Отрицание Гоголем, Ибсеном, Ницше, Толстым, Достоевским обычного творчества есть начало исхода творцов из Египта искусств. Здесь художник воистину Моисей, поднимающийся к Синаю за новым законодательством жизни; меньшего он не может поставить себе; но такое внимание творчествам быть законами царства свободы есть вмененье творцам: не нарушить моральной фантазии вновь создаваемой жизни; вменение это неисполнимо в условиях данной жизни; отсюда — трагедия творчества, где драматург — исполнитель, а исполнение — не сцена, а жизнь.

Первый акт творчества есть создание мира искусств; акт второй: созидание себя по образу и подобию мира; но мир созданных форм не пускает творца в им созданное царство свободы; у порога его стоит страж: наше косное «я»; борьба с собственной бренною формой, со стражем порога, и есть встреча с роком, трагедия творчества; во время этой трагедии происходит отказ наш от творчеств, уход из искусства; тут становятся нам понятным сожжение «Мертвых душ», сумасшествие Ницше, глухое молчанье Толстого. Акт третий: вступление в царство свободы и новая связь безусловно свободных людей для создания общины жизни по образу и подобию новых имен, в нас таинственно вписанных духом.

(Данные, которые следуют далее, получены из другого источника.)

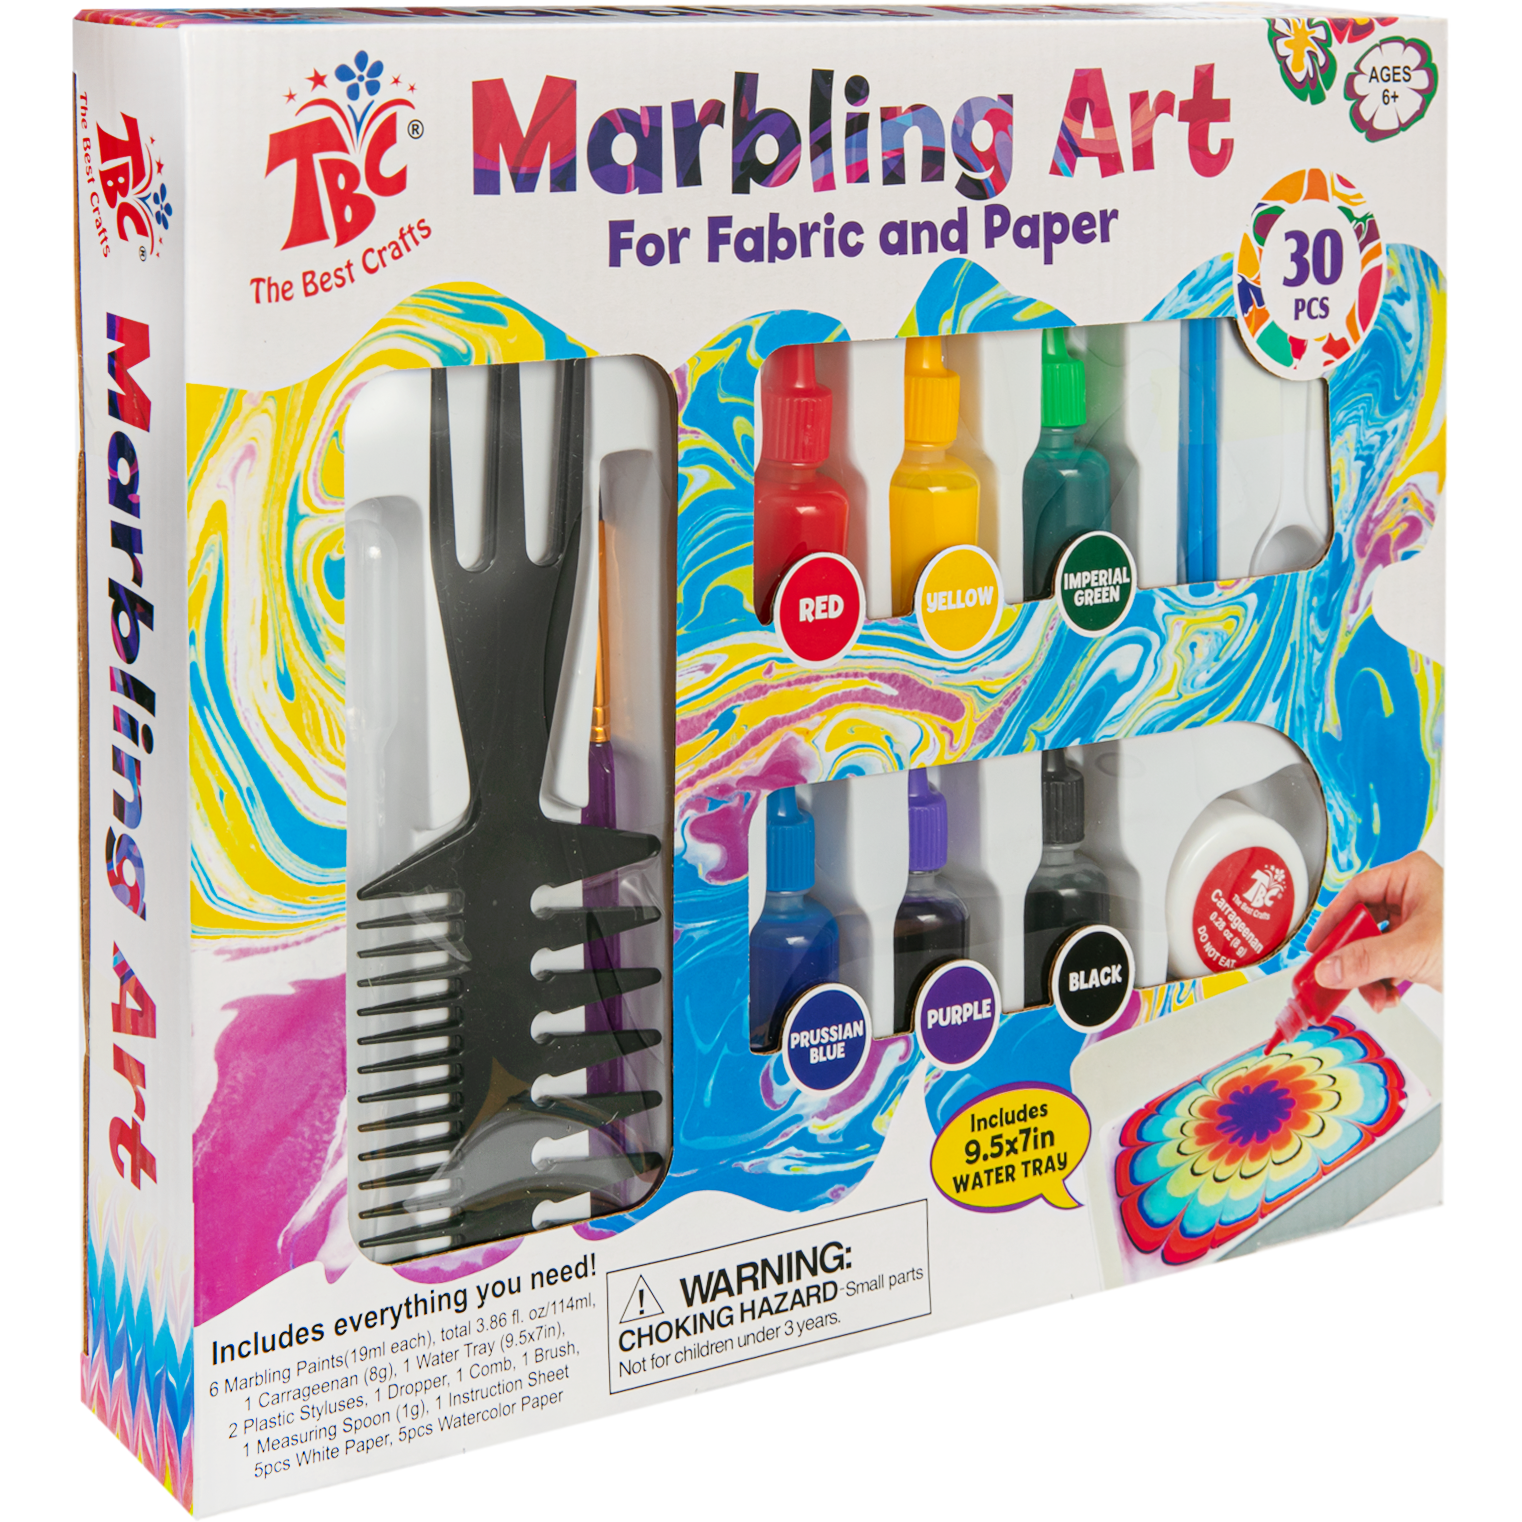 TBC The Best Crafts Marbling Art Paint Kit, 6 India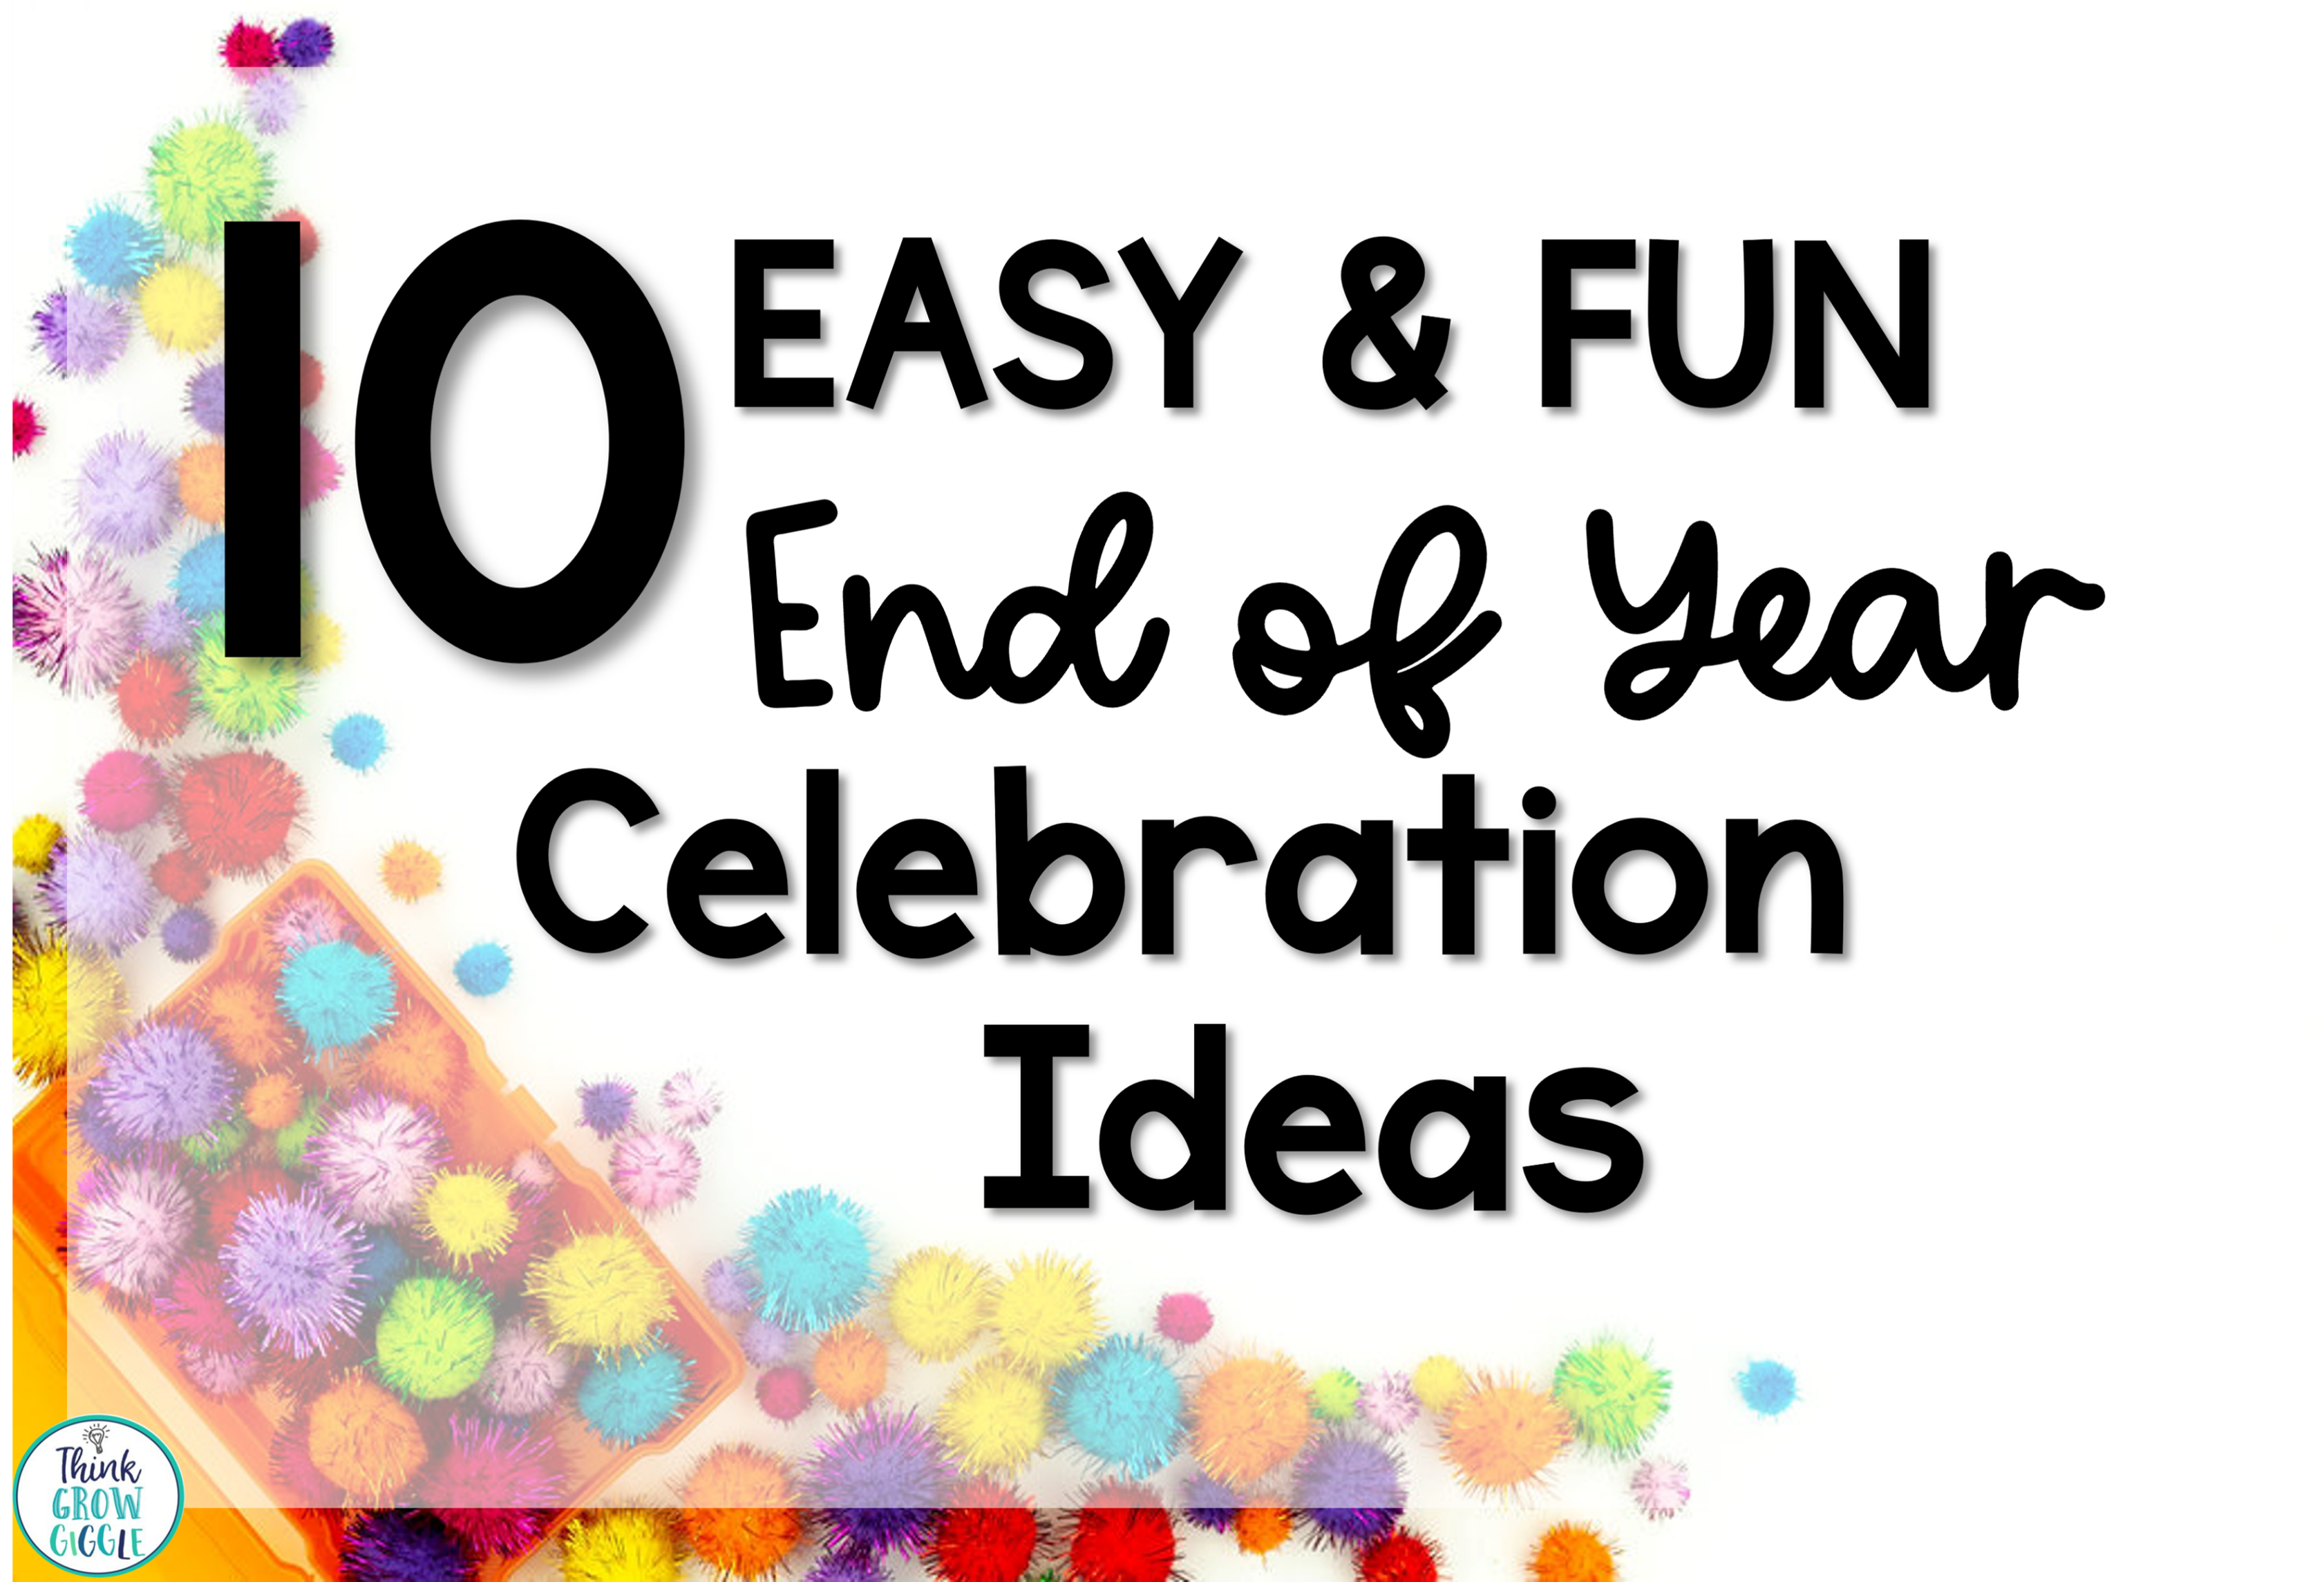 10 Easy and Fun End of Year Celebration Ideas for Upper Elementary Classrooms

Только в этом моменте своем все искусство становится подлинной революцией жизни; но до этого мига еще исчезает оно, как мир форм; этот третий момент запределен условиями осуществленной культуры; и потому в ней бесформенен он; и потому-то воистину царство свободы в искусстве нашей мыслью встречается, как вторжение беззаконной кометы; нашей мысли грозит этот миг анархической революции, не могущей себя проявить в революции социальной. Но это все потому, что наша мысль есть абстракция, обращенная к материальному миру; материя есть разломанный дух; материя есть кривое зеркало духа; и оттого-то в условиях материальной культуры и в революциях форм все духовное в содержании жизни революционной культуры называют подчас индивидуалистическим, анархическим хаосом.

Подлинно революционны и Ибсен, и Штирнер, и Ницше, а вовсе не Энгельс, не Маркс; в глубине их сознания гремят нам огромные революционные взрывы; и они-то нам подлинно рвут неприятельский фронт; неприятельский фронт — это наша душевная косность; и герои из царства свободы встают нам неясно в своем титаническом облике на вершинах искусства: Прометеи, и Данте, и Фаусты, и Эмпедоклы, летящие вниз головой в жерло кратера, и Заратустры, бегущие вверх к ледникам, — эти мощные образы только неясные прорезы граждан свободного града осуществленной за-революционной культуры.

И нам ясно: лежащие в будущем формы общественной жизни, осуществленные революцией собственно, не суть вовсе формы какой-нибудь «большевистской» культуры, а — вечносущее, скрытое под формальной вуалью искусств. Оплотнение искусства в условиях социальной действительности есть всегда превращение живой плоти его в поедаемый хлеб, но в таком понимании его этот хлеб черственеет: становится камнем; современная нам культура давно уж глаголет камнями; ее ценность — в монете, современная революция устремляется ко хлебам. Но «не о хлебе едином» печется душа человека. Ни в хлебах, ни в камнях нет живой плоти жизни.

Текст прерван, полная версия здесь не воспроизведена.